Ainda conforme o Dmae, serão construídas duas bermas de equilíbrio, estruturas para aumento da estabilidade de taludes e estruturas de contenção, com dois metros de altura em relação ao meio-dio, nos lados seco e voltado para o Gravataí. O cronograma ainda contempla seis meses de monitoramento contínuo após o término das obras. A grande maioria dos moradores já deixou o local, que havia sido ocupado irregularmente há algumas décadas.

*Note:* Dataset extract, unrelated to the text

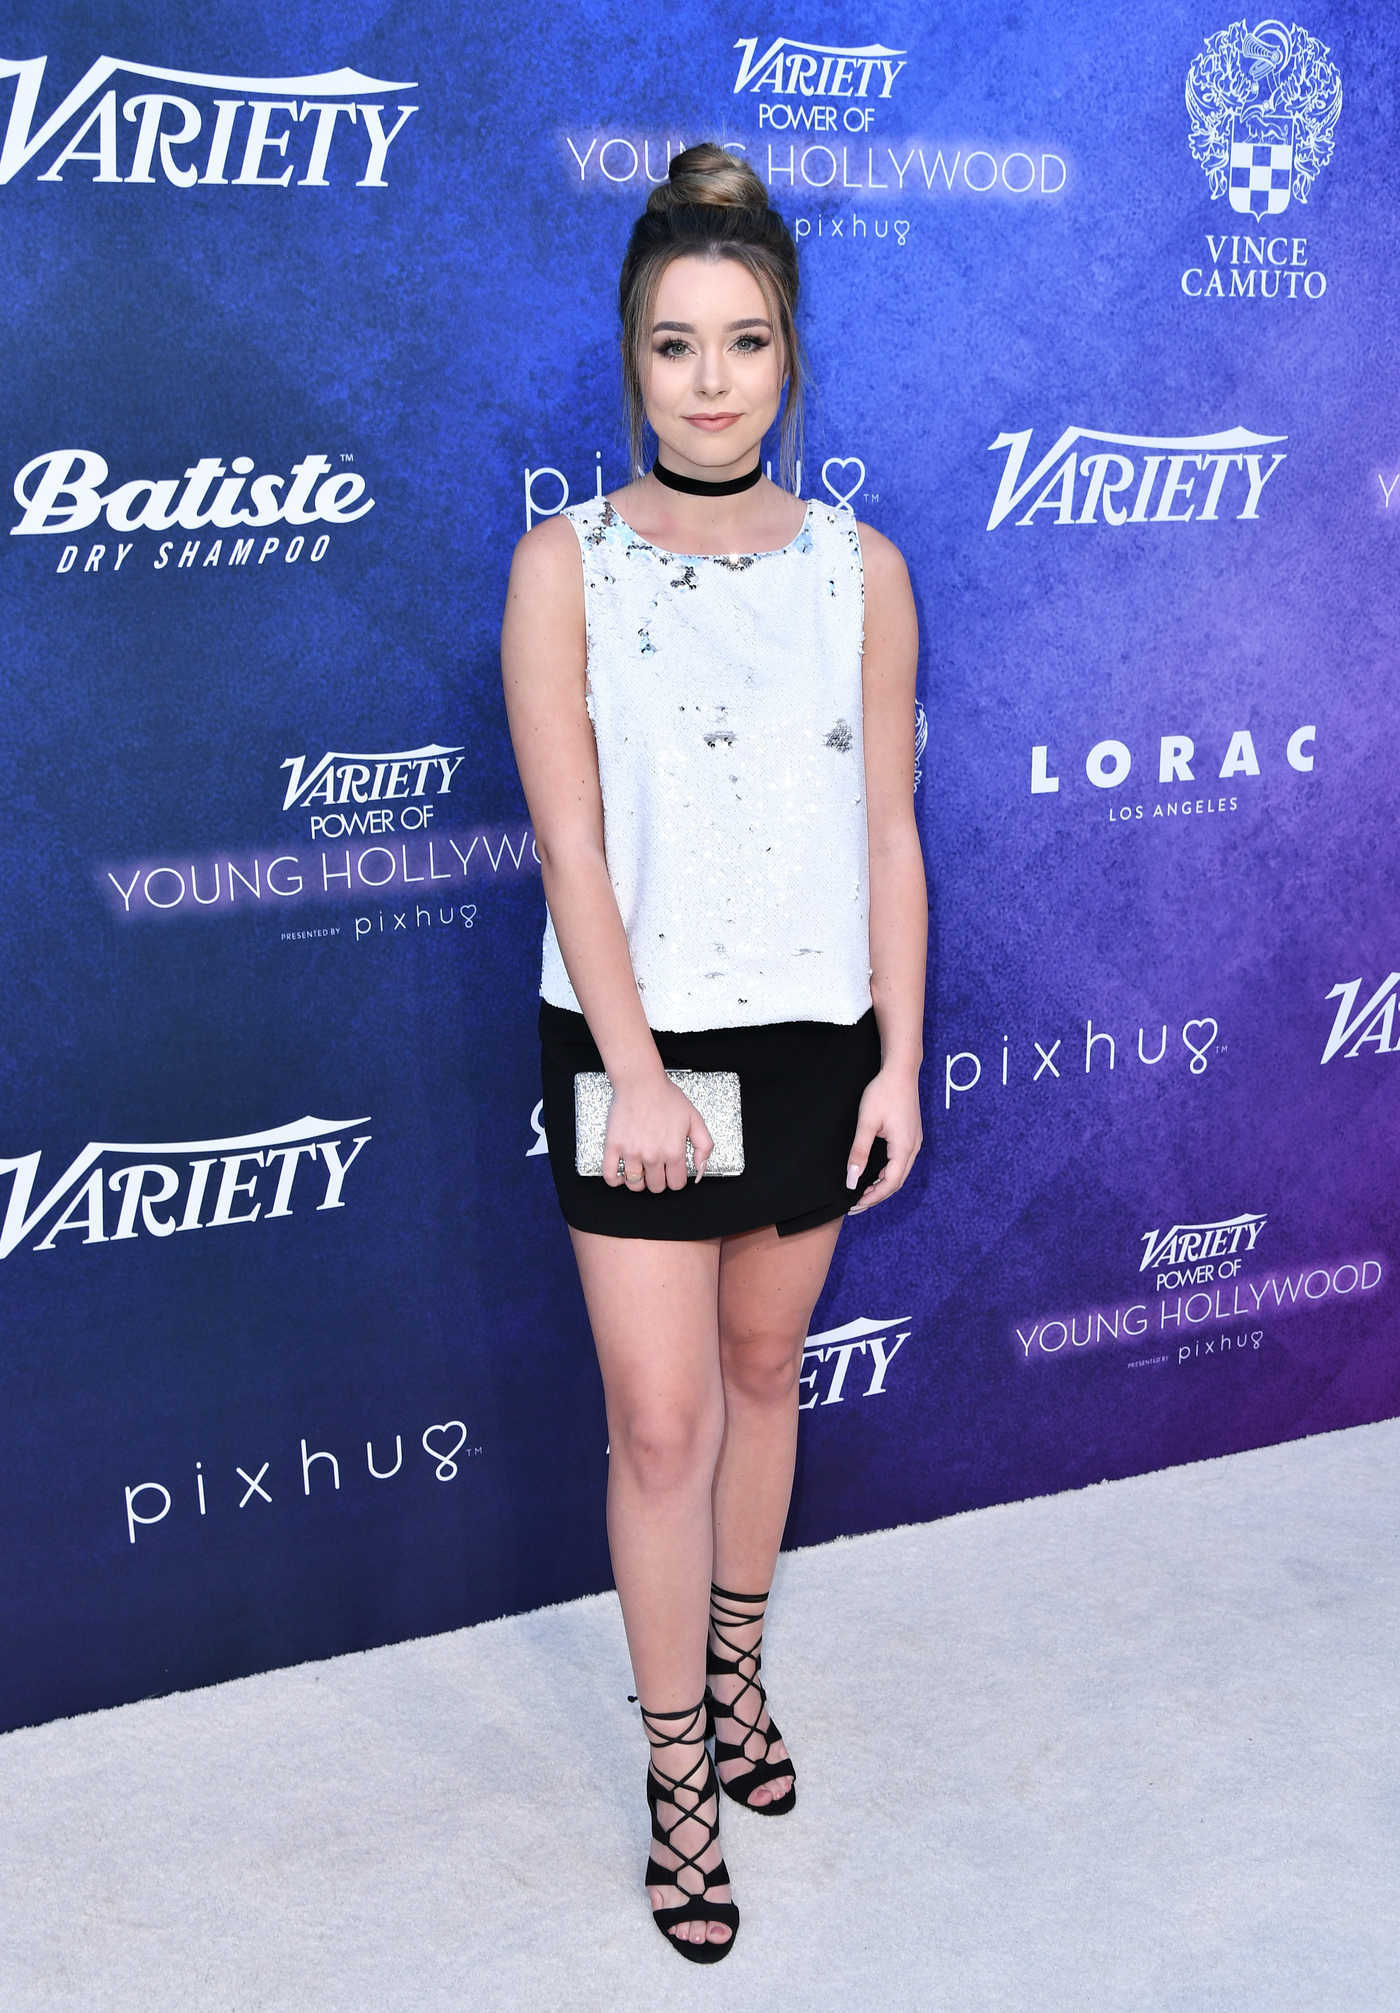 Sierra Furtado at Variety's Power of Young Hollywood Presented by Pixhug in Los Angeles 08/16/2016

O dique em si, construído como parte do sistema de proteção contra cheias de Porto Alegre, foi feito entre as décadas de 1960 e 1970, mas não foi suficiente para conter o avanço das águas do rio durante as históricas inundações do ano passado. Um estudo conduzido pelo Dmae apontou que a estrutura apresentava cota inferior a quatro metros nos pontos mais críticos, considerado cerca de três metros abaixo do previsto no projeto original, elaborado pelo extinto Departamento Nacional de Obras de Saneamento (Dnos).